The Straw or Why I Have A Rule About Pants

Funny Business, parenting fail, Uncategorized

This story is just too good to pass up re-telling and hands-to-God, it’s all true…

A few months ago I was sitting down to lunch with the kids. The boys were having a “naked phase”. Any time was nekkid time for the guys. So long as they didn’t pee on anything, I was okay with it.

Until That Day.

I was precision cutting up organic vegetables for a healthy lunch platter (Or making a box of Kraft Dinner. Same difference.) when I heard Mr. Cereal Killer rustling around behind me.

I turned around and – here is where time slowed down – I saw Cereal Killer with his penis in a glass of milk.

Okay. I was not going to freak out at him.

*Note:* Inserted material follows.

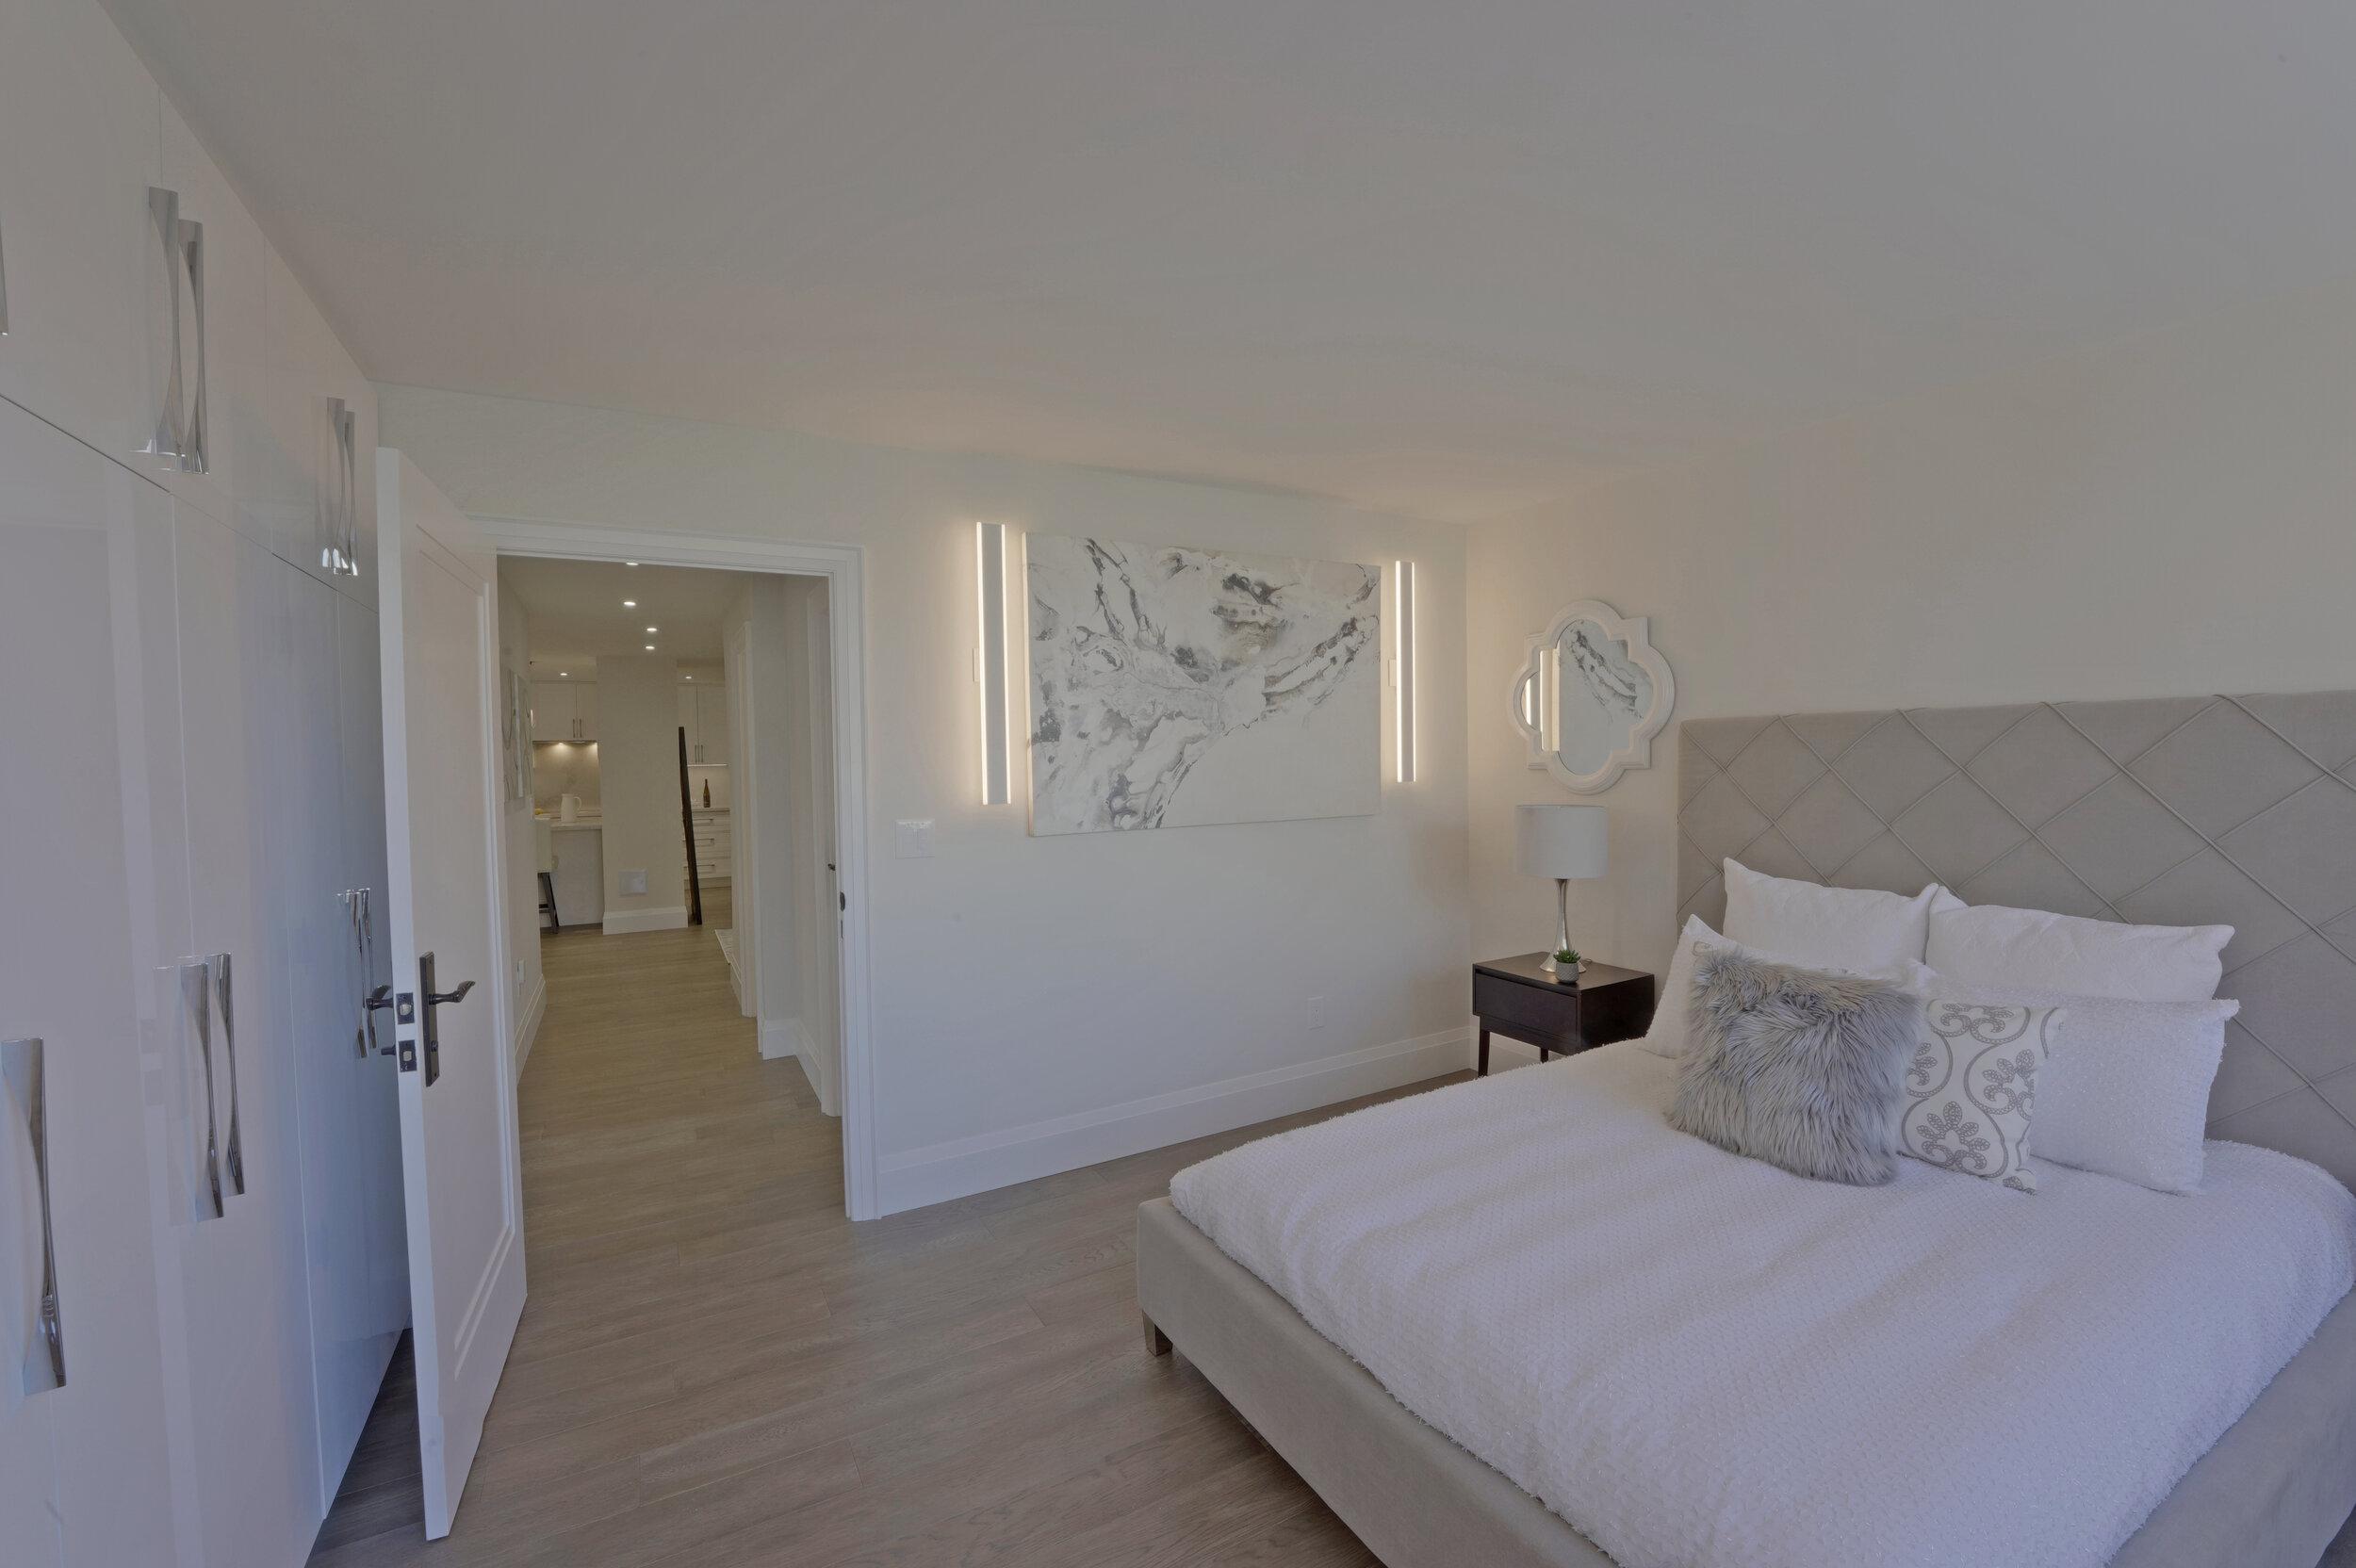 16 - Second Bedroom 3 - DSC00532_3_4_5_6.jpg

I don’t want to give him some weird body issues because his mother screamed at him for dunking his weiner like an Oreo. So, I was very calm.

“Whatcha doin’, kiddo?”

“Drinkin’ my milk,” he answered without hesitation. I was still not quite sure where this was going but I stayed silent to allow him to continue the thought train.

“My straw isn’t suckin’ it up,” he said with frustration as he waved his little winkie around in the cup. You could see the logic deep down in there but still…no.

After that, I insisted my children wear pants at the table. No exceptions.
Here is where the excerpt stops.